Easycash Datenschützer entlastet EC-Karten-Firma

Entwarnung im Fall Easycash: Der NDR hatte dem Unternehmen vorgeworfen, Kontobewegungen von EC-Karten-Käufern mit Adressen und Namen zu verknüpfen. Nach einer Überprüfung der Firma stellt Hamburgs Datenschutzbeauftragter klar: Der Verdacht hat sich nicht bestätigt.

Bezahlen mit EC-Karte: Jede Transaktion wird registriert
dpa

Bezahlen mit EC-Karte: Jede Transaktion wird registriert


Hamburgs Datenschutzbeauftragter hat Entwarnung im angeblichen Datenskandal beim EC-Karten-Netzbetreiber Easycash gegeben.
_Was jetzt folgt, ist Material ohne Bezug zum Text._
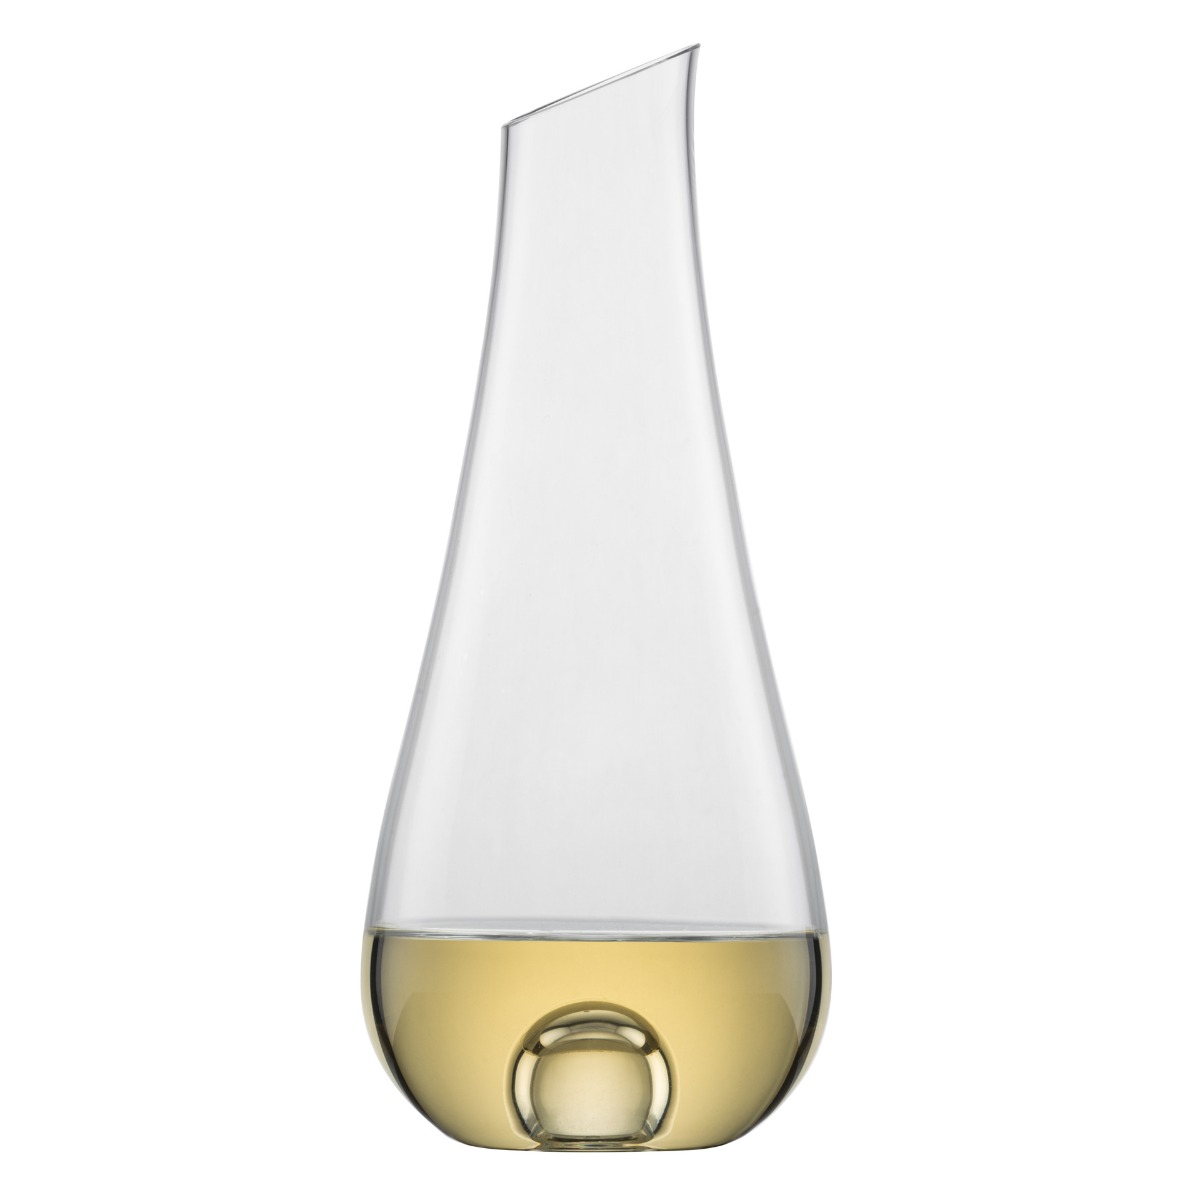 ZWIESEL HANDMADE Air Sense 0,75 l - Weindekanter / Kristallkaraffe / Weinflasche

Nach einer Prüfung der firmeninternen Abläufe habe sich der Verdacht einer illegalen Verknüpfung von Daten aus EC-Karten-Zahlungen und Kundenkarten bei der Tochterfirma Easycash Loyalty Solutions nicht bestätigt, sagt Johannes Caspar: "Wir haben keine Anhaltspunkte dafür gefunden, dass ein Datenabgleich im großen Stil erfolgt ist.""

Der Hamburger Datenschutzbeauftragte bestätigte damit die Darstellung von Easycash. Das Unternehmen hatte den in einem Bericht des Radiosenders NDR erhobenen Vorwurf am Donnerstag als falsch zurückgewiesen.

Darum ging es bei dem vermeintlichen Skandal:

Easycash, die Mutterfirma, wickelt für rund 92.000 Handelsunternehmen in Deutschland elektronische Lastschriften ab - jene Variante der EC-Zahlung, bei der man unterschreibt, statt eine PIN einzugeben. Wenn ein Kunde einen solchen Einkauf mit der Karte erledigt, ist Easycash dort involviert. Das Unternehmen speichert kartenbezogen Informationen darüber, wie oft Lastschriften problemlos eingezogen wurden - damit die Unternehmen per Software das Risiko einschätzen können, ob eine Lastschrift einer bestimmten Karte platzt. Hintergrund: Das elektronische Lastschriftverfahren von Anbietern wie Easycash ist günstiger als das PIN-Verfahren der Banken. Beim PIN-Verfahren trägt die Bank das Risiko einer geplatzten Lastschrift, beim anderen der Händler.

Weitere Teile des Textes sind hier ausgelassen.